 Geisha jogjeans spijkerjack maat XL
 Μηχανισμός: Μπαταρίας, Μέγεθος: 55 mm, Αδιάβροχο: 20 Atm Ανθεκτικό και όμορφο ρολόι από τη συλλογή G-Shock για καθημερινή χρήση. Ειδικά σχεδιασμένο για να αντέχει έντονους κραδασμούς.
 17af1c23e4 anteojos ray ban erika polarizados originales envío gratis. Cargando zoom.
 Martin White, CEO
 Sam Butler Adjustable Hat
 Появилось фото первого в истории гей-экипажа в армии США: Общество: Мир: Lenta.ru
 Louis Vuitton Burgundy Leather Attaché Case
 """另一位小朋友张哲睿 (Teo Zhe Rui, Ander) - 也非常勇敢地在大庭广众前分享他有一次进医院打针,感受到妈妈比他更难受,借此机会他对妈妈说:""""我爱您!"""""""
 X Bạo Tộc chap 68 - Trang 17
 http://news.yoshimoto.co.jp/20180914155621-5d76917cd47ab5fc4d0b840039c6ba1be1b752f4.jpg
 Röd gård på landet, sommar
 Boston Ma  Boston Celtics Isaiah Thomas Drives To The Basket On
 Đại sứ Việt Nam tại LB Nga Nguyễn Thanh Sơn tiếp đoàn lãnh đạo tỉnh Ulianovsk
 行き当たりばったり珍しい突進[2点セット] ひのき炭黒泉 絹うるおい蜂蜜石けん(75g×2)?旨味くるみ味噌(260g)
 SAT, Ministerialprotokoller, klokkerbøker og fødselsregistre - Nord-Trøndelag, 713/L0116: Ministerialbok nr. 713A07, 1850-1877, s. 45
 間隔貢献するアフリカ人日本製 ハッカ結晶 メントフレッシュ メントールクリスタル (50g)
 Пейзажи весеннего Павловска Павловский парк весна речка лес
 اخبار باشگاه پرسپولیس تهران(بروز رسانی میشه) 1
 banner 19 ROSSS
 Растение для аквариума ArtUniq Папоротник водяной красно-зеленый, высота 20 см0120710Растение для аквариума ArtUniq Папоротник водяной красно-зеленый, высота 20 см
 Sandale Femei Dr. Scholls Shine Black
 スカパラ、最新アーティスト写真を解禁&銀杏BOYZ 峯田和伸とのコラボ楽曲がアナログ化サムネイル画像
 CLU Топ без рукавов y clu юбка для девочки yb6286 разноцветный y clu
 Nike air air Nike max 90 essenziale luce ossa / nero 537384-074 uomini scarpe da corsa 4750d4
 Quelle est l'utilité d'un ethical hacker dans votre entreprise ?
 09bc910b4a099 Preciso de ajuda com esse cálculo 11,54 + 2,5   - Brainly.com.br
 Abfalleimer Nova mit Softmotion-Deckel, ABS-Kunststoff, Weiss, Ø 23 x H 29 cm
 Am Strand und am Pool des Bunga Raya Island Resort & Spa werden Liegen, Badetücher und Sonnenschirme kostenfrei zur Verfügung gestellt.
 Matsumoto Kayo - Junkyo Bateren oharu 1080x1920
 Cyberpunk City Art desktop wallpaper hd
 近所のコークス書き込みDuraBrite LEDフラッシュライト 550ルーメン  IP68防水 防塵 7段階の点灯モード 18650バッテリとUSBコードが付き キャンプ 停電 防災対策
━━━━━━━━━━
TASK: Only the lines above from the line with "Quelle est l'utilité" to the line with "Abfalleimer Nova mit", those two lines included, should be reproduced exactly.

ANSWER SPACE:
 Quelle est l'utilité d'un ethical hacker dans votre entreprise ?
 09bc910b4a099 Preciso de ajuda com esse cálculo 11,54 + 2,5   - Brainly.com.br
 Abfalleimer Nova mit Softmotion-Deckel, ABS-Kunststoff, Weiss, Ø 23 x H 29 cm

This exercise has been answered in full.